De célèbres stars du football ont également fait les frais de cette répression généralisée, comme en témoigne l’arrestation de l’ex-international du ballon rond, Hossein Mahini, ou la confiscation du passeport de celui qui fut le meilleur buteur mondial, Ali Daei.

Les papiers de Daei lui auraient, depuis, été rendus et Mahini aurait été libéré sous caution.

L’agence de presse iranienne Fars, radicale, a publié mardi un éditorial critiquant indirectement le comportement de Rekabi, sans jamais citer son nom, demandant pour quelle raison les médias « occidentaux, sionistes et saoudiens » n’avaient pas davantage prêté attention aux récentes victoires en athlétisme et en haltérophilie de femmes iraniennes portant le foulard, plutôt « que de s’attarder sur la performance d’une fille au comportement non conventionnel ».

La décision de Rekabi, plusieurs fois médaillée dans des compétitions internationales, de renoncer cette fois au port du foulard s’inscrit dans le mouvement de manifestations déclenchées par la mort, en détention, d’une jeune femme de 22 ans, le 16 septembre dernier.
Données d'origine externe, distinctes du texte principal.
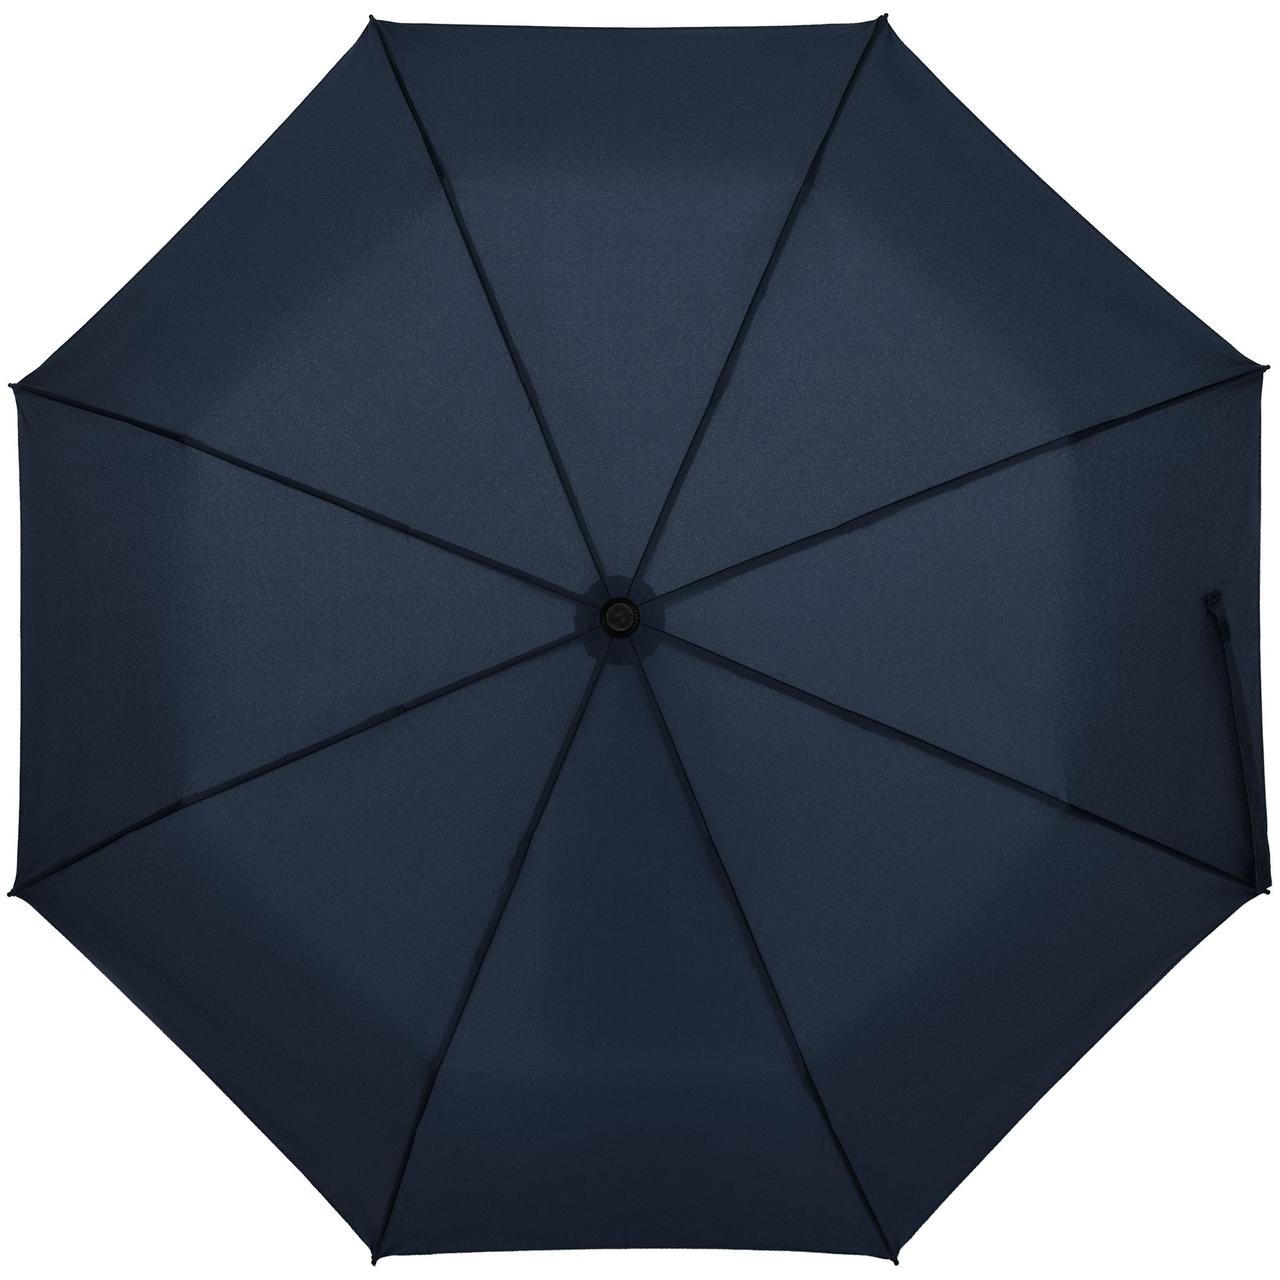 Зонт складной Clevis с ручкой-карабином, темно-синий (артикул 10992.40), фото 1

Ce mouvement entre dans sa cinquième semaine d’affilée.

Mahsa Amini avait été interpellée par la « police des mœurs » iranienne en raison de sa tenue vestimentaire.

Des manifestants scandent des slogans lors d’une manifestation en réaction à la mort en détention d’une femme interpelée par la police des moeurs, dans le centre-ville de Téhéran, en Iran, le 21 septembre 2022. (Crédit : AP Photo)

Ces manifestations, qui attirent un grand nombre d’enfants, d’étudiants, d’employés du secteur pétrolier et tant d’autres dans la rue, posent un sérieux problème à la théocratie iranienne, le plus sérieux sans doute depuis les émeutes qui ont émaillé son accession au pouvoir controversée en 2009.

On estime au bas mot à 122 le nombre de personnes tuées par la répression des manifestations d’Amini et à 93 celui des victimes des affrontements de Zahedan, dans la province du Sistan-Baloutchistan, selon un décompte de l’ONG norvégienne Iran Human Rights précisant que 27 enfants avaient trouvé la mort dans la tragédie.

Une quarantaine d’ONG actives dans la défense des droits de l’homme, parmi lesquelles Amnesty International, Human Rights Watch et IHR, ont publié, lundi, une déclaration commune condamnant l’ « utilisation par l’Iran de son redoutable appareil répressif pour écraser » les manifestations qui se produisent dans tout le pays.